*SUPPLIED MATERIAL*:
☆ ☆ ☆ ☆ ☆ ☆ ☆

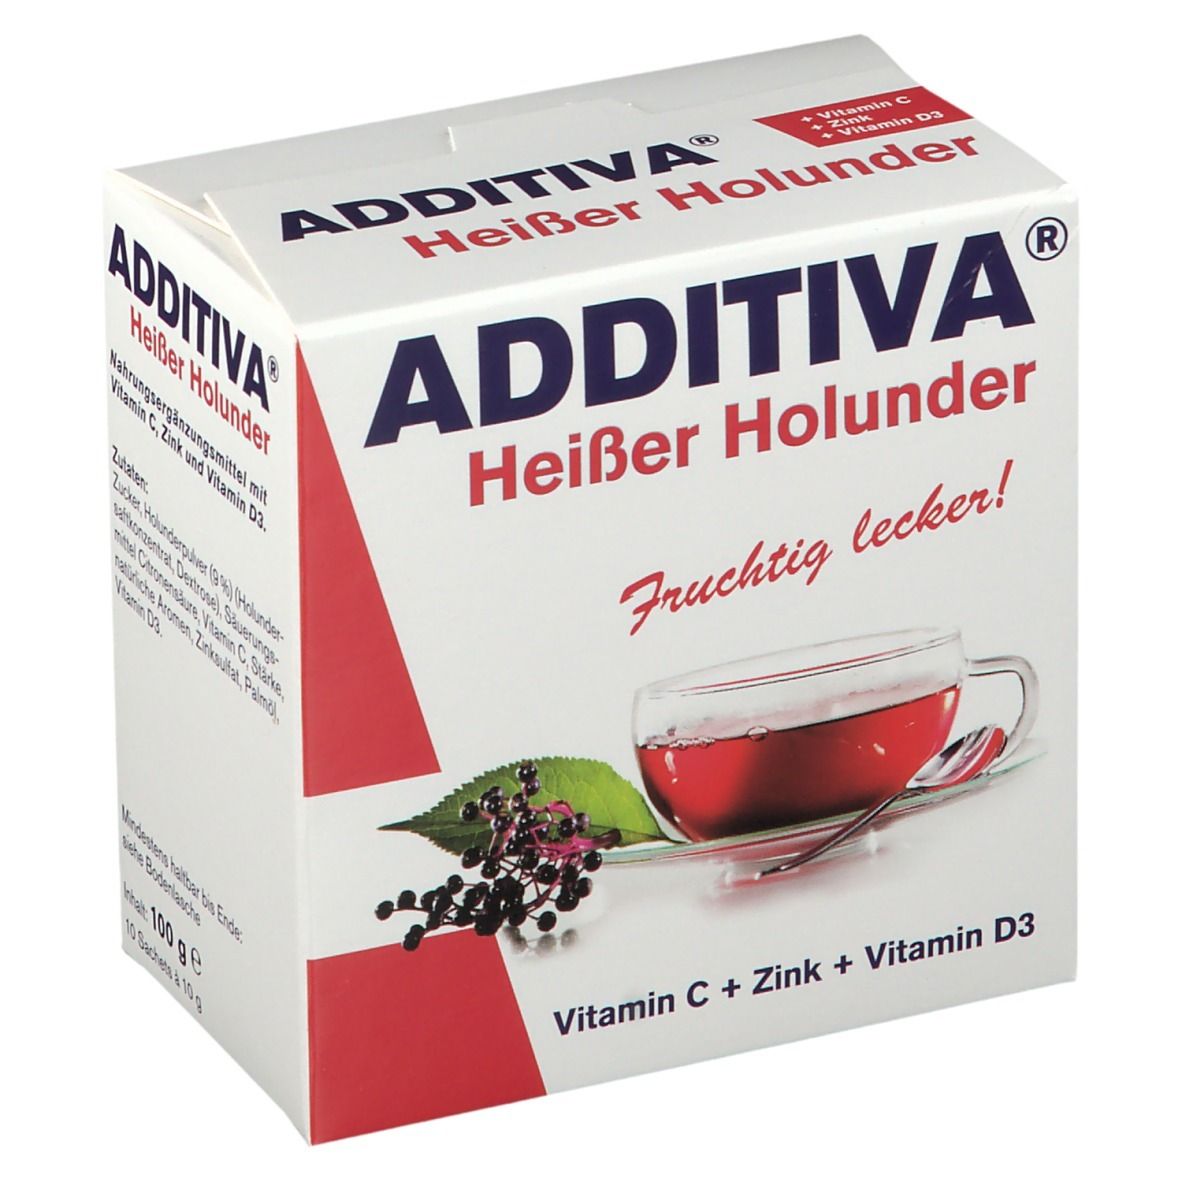 Additiva® hot elderberry
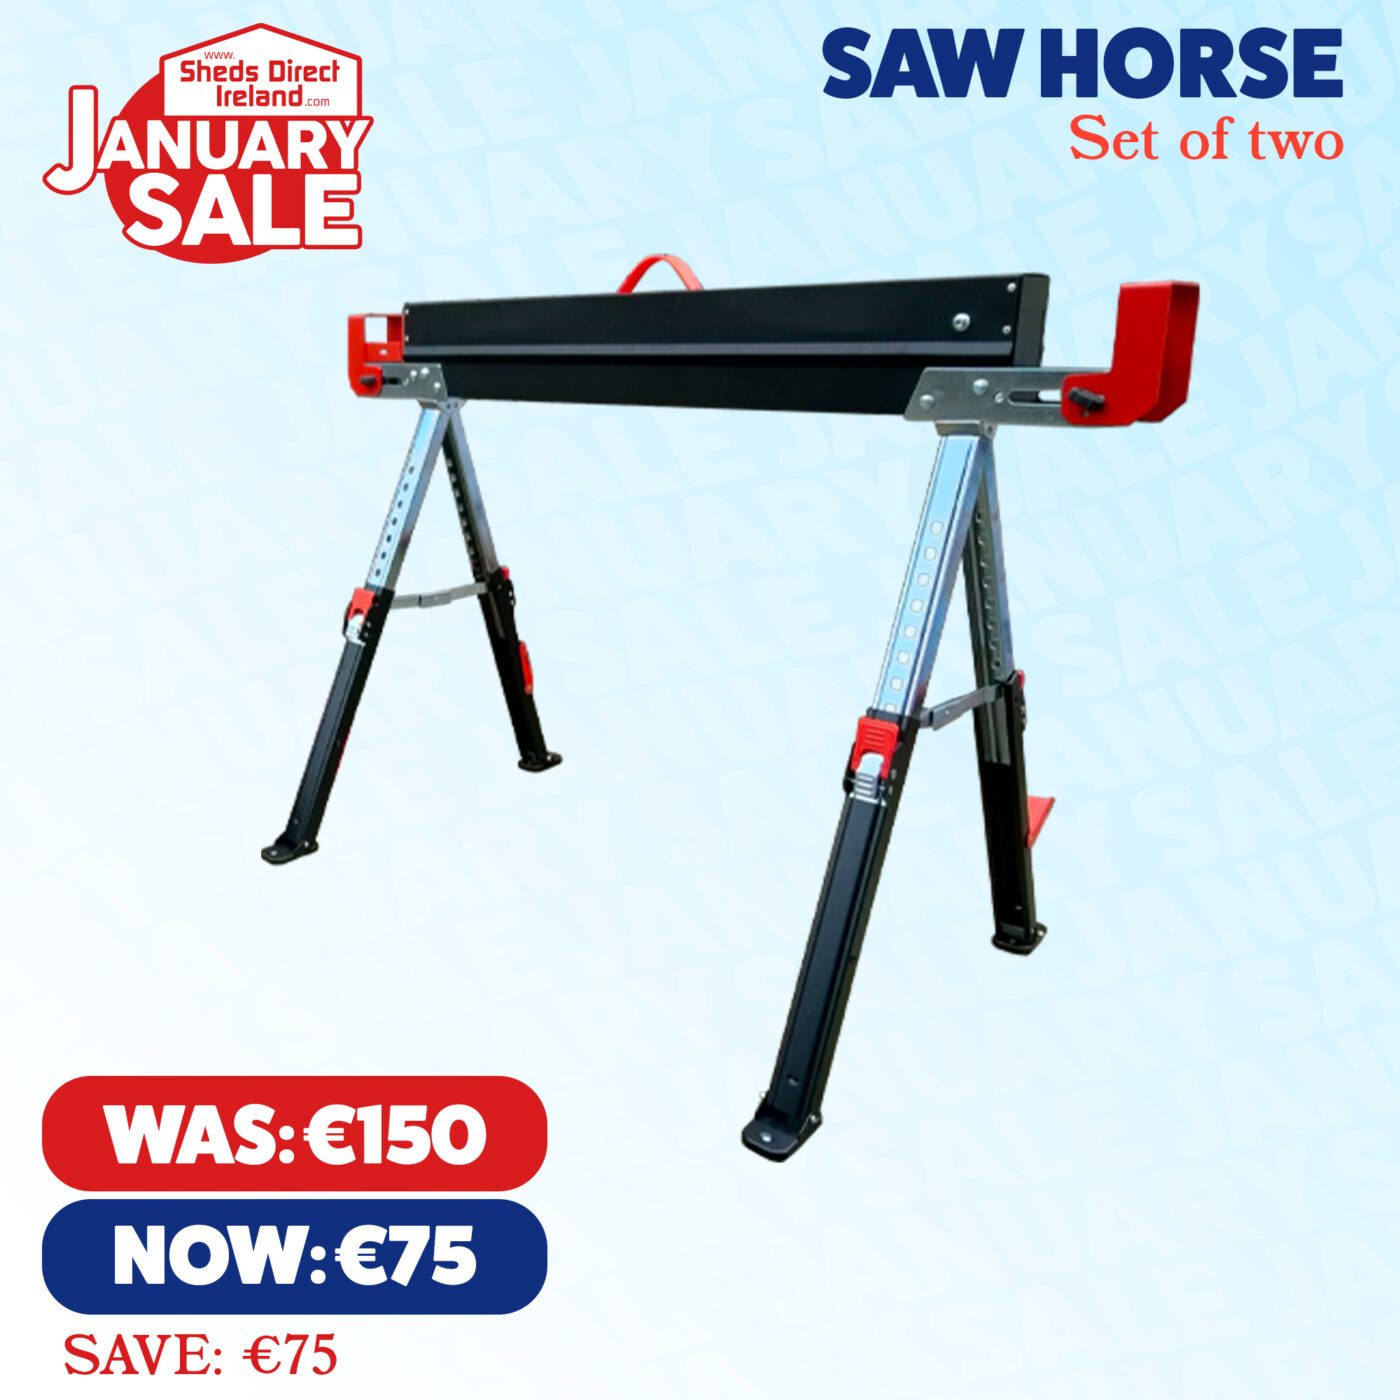 January Sale - Saw Horse
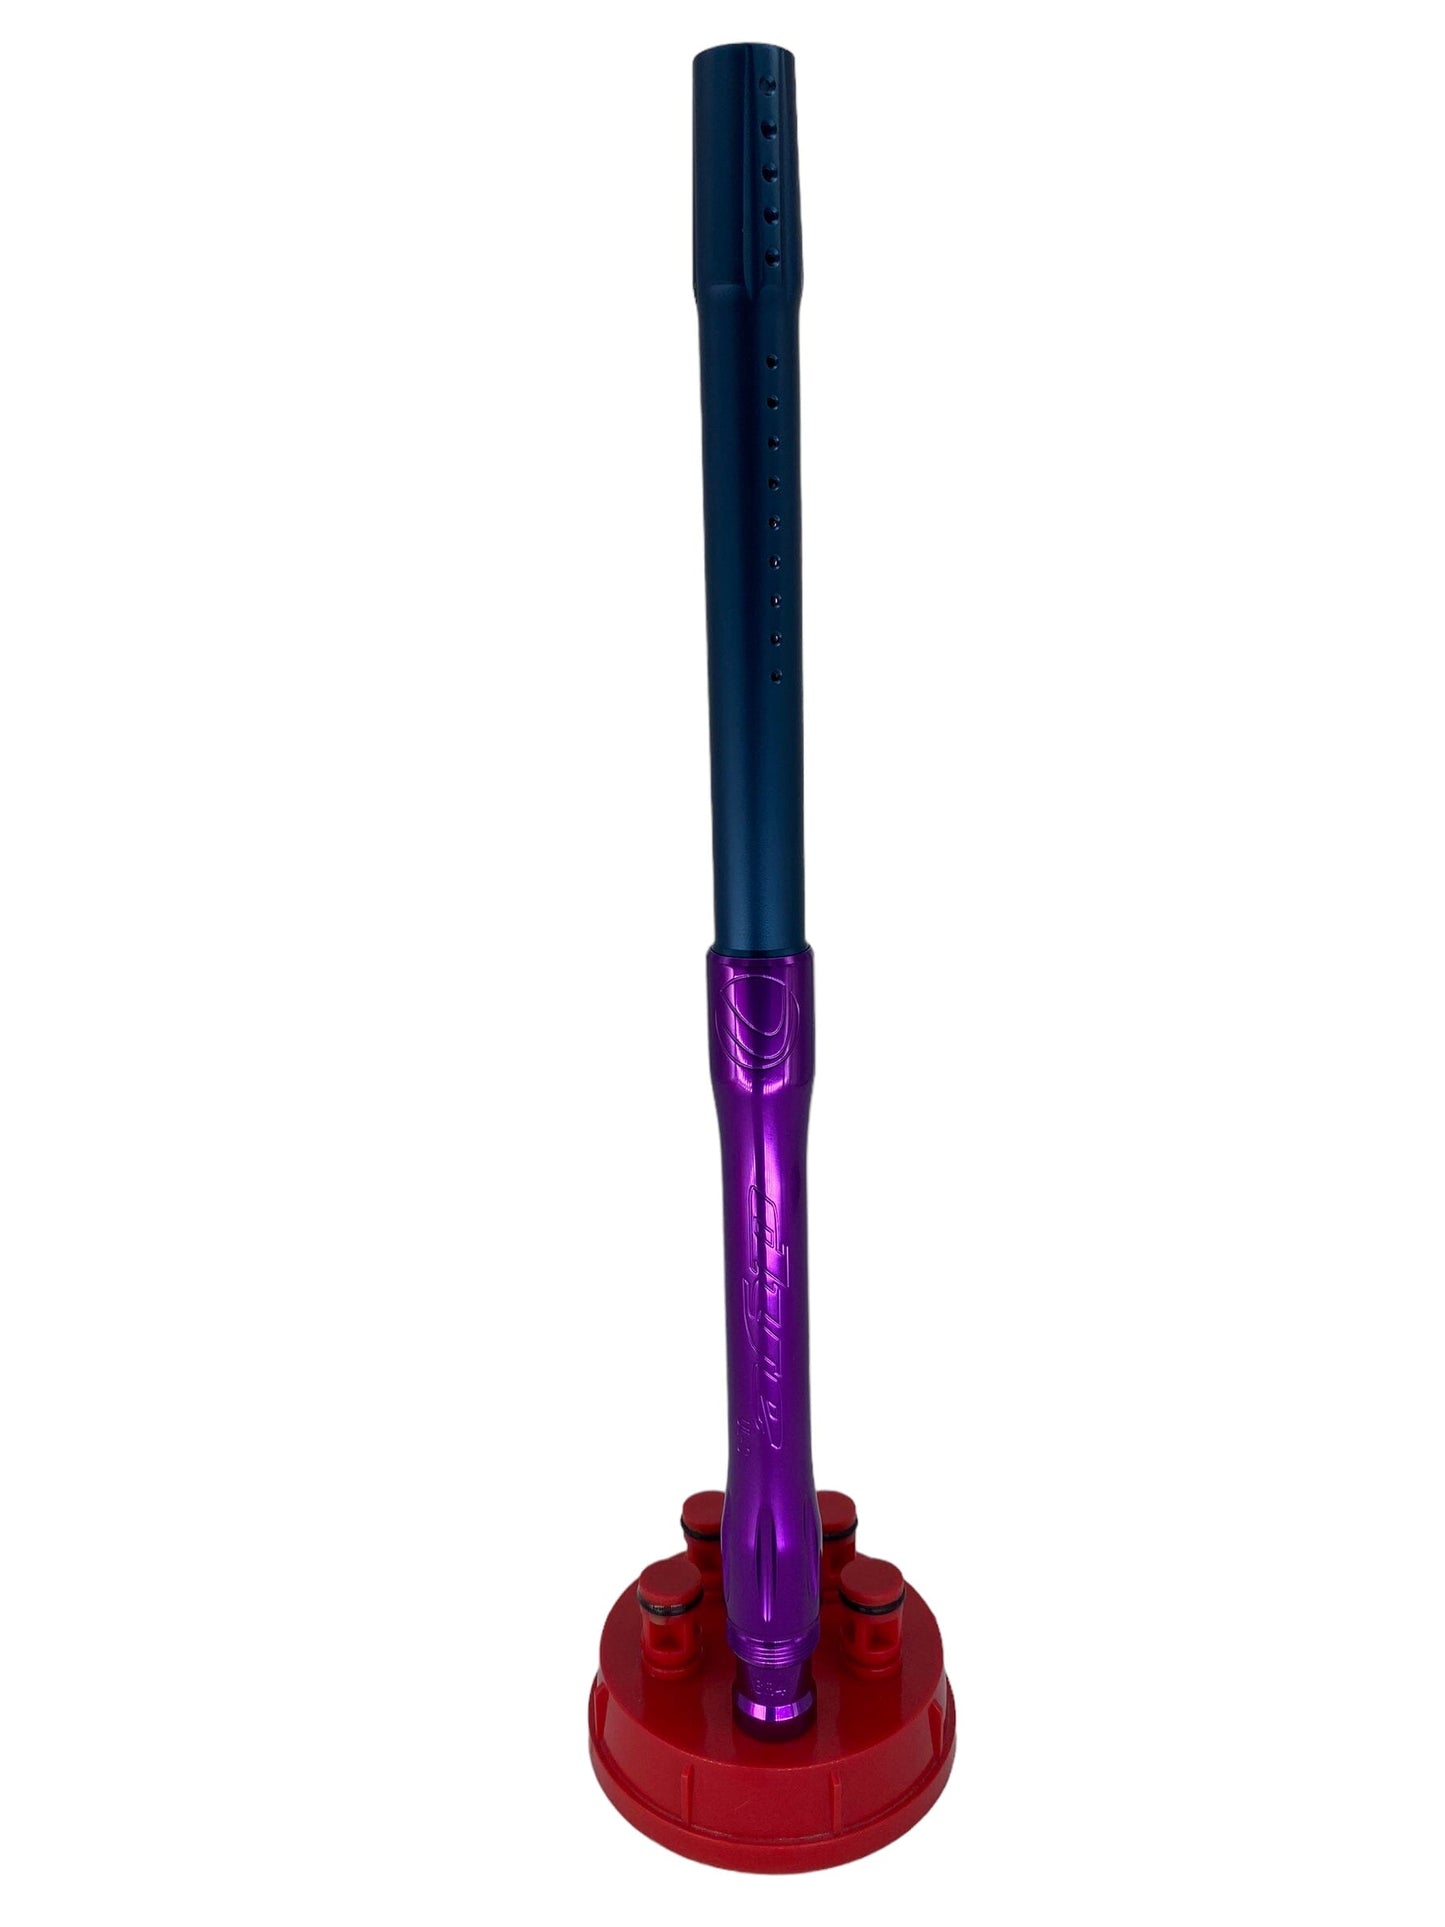 Used Dye UL-S .684 Paintball Barrel - Purple Paintball Gun from CPXBrosPaintball Buy/Sell/Trade Paintball Markers, Paintball Hoppers, Paintball Masks, and Hormesis Headbands
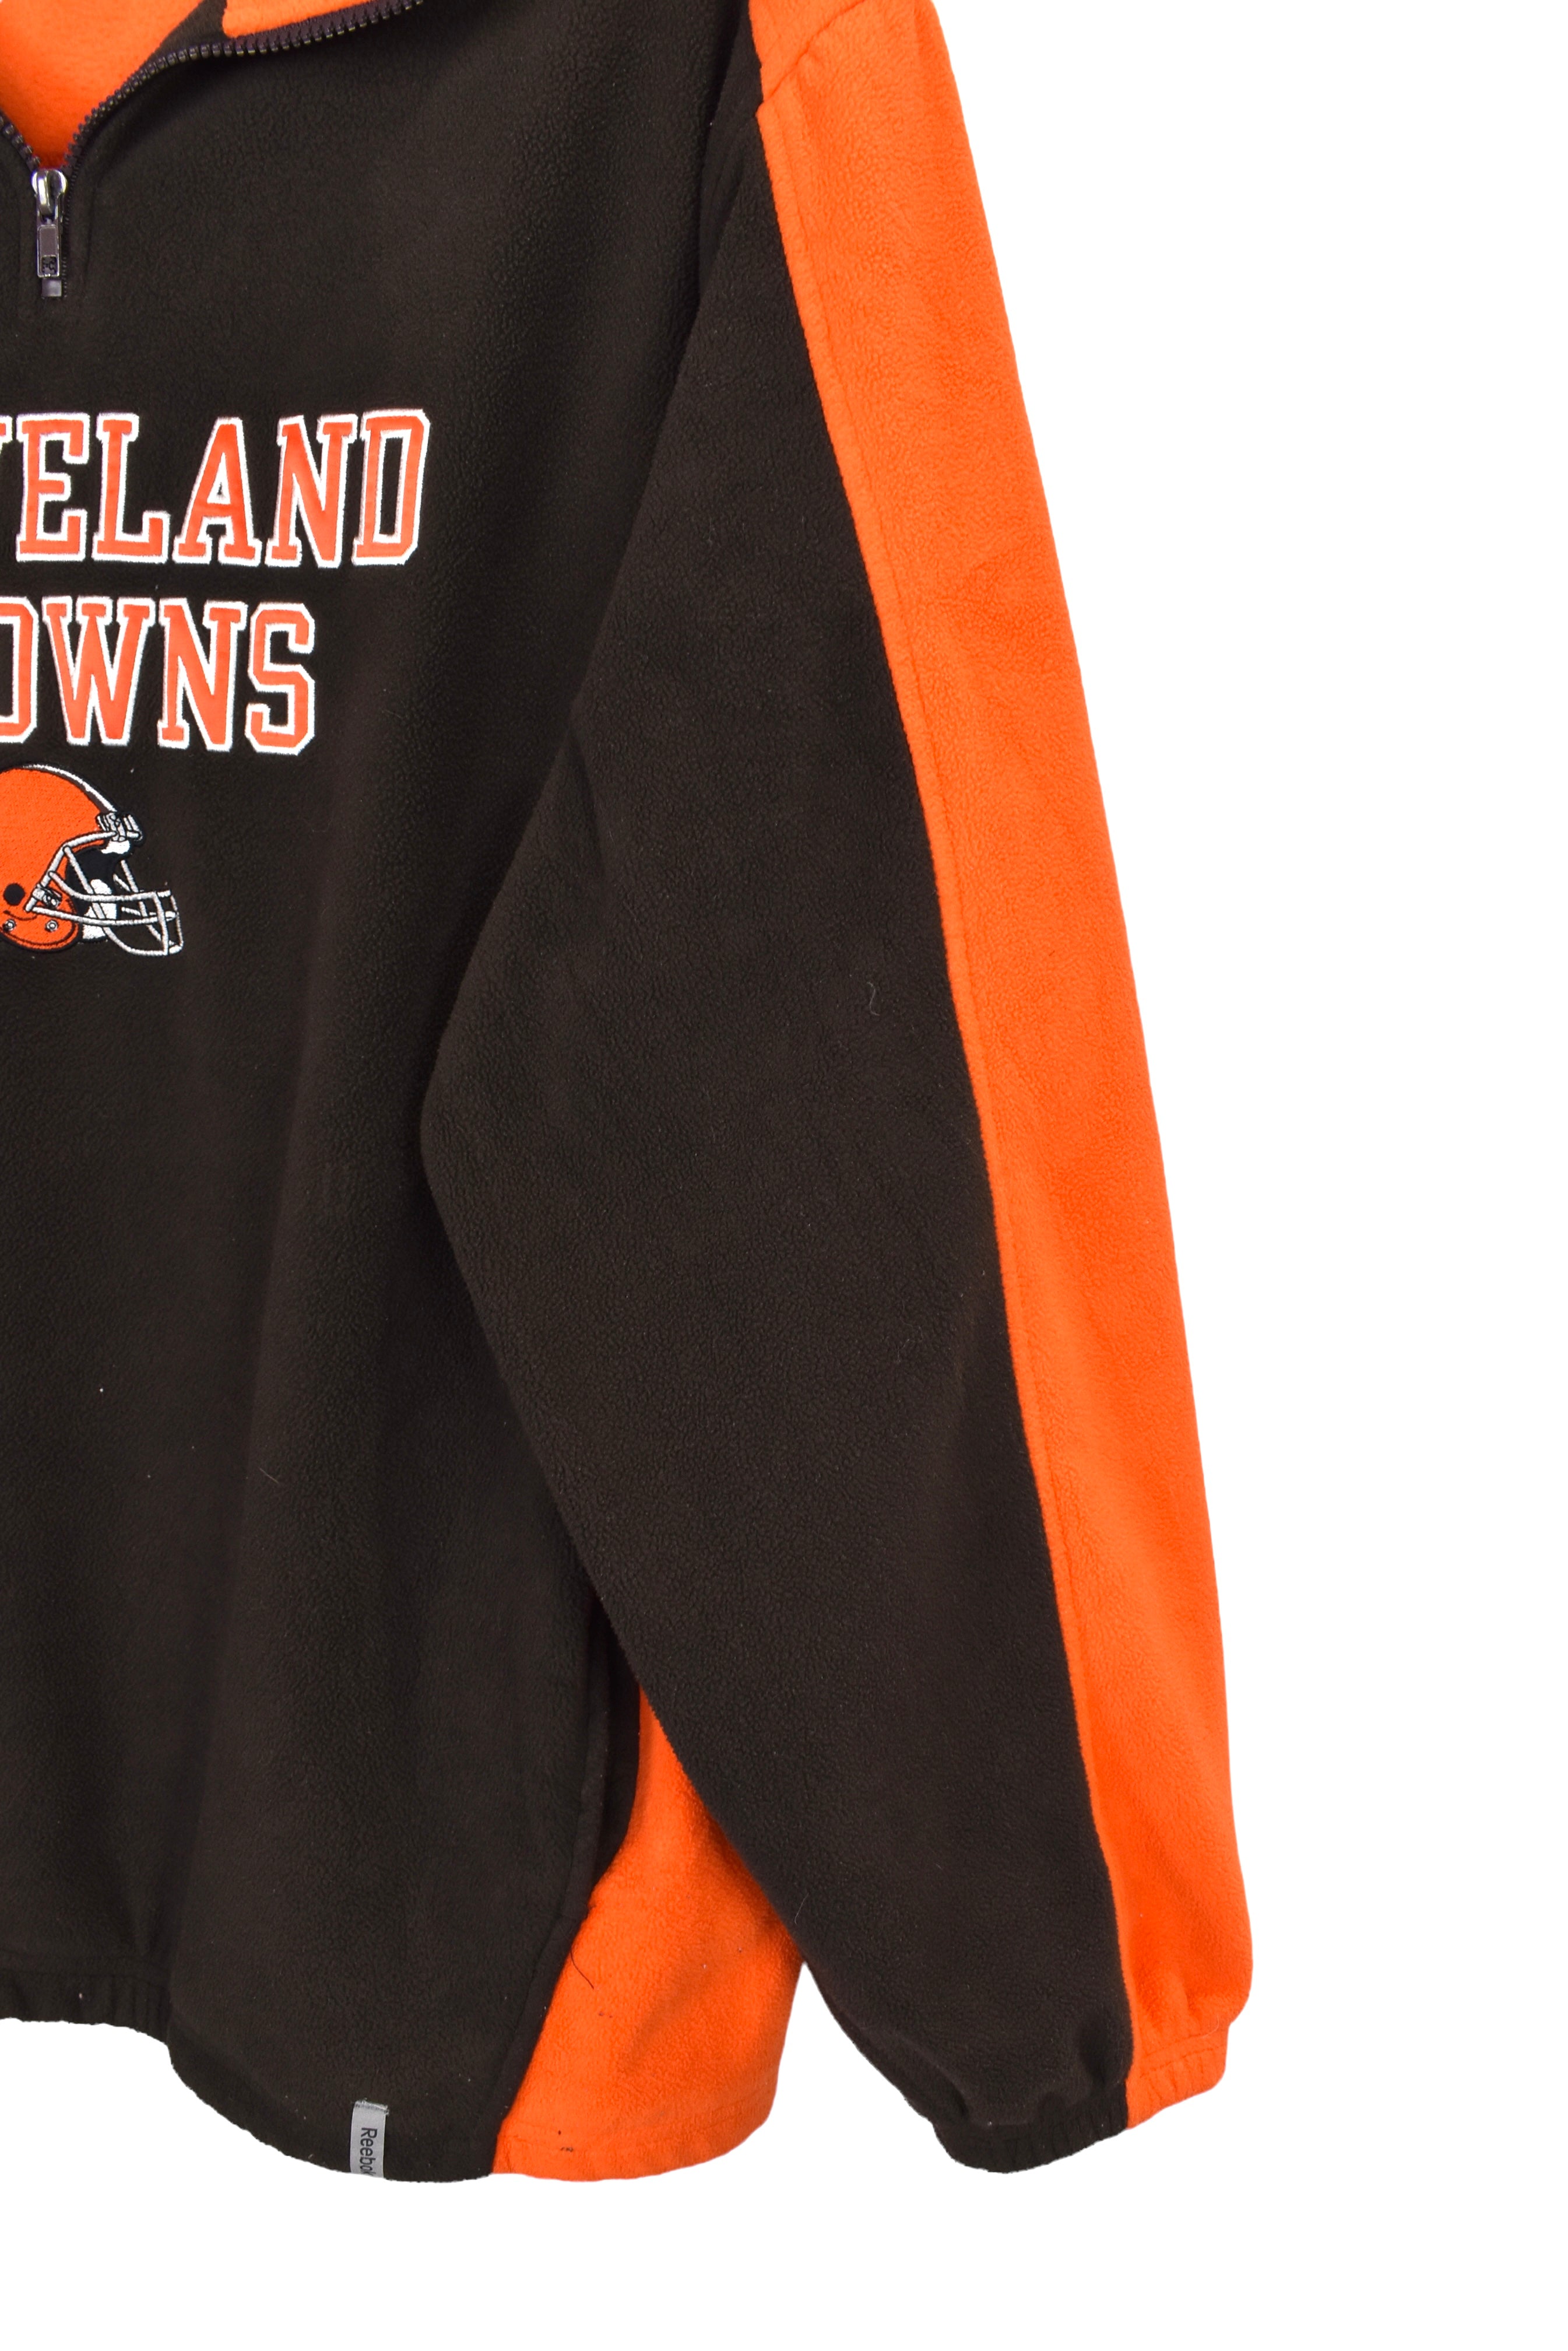 Cleveland Browns Sweatshirts & Fleece, Browns Sweatshirts & Fleece

☆ ☆ ☆ ☆ ☆ ☆ ☆

*PROBLEM DESCRIPTION*: Would you please set down the listing above exactly, minus its images?

*WRITTEN RESPONSE*:
 Additiva® hot elderberry
 January Sale - Saw Horse
 Used Dye UL-S .684 Paintball Barrel - Purple Paintball Gun from CPXBrosPaintball Buy/Sell/Trade Paintball Markers, Paintball Hoppers, Paintball Masks, and Hormesis Headbands
 Cleveland Browns Sweatshirts & Fleece, Browns Sweatshirts & Fleece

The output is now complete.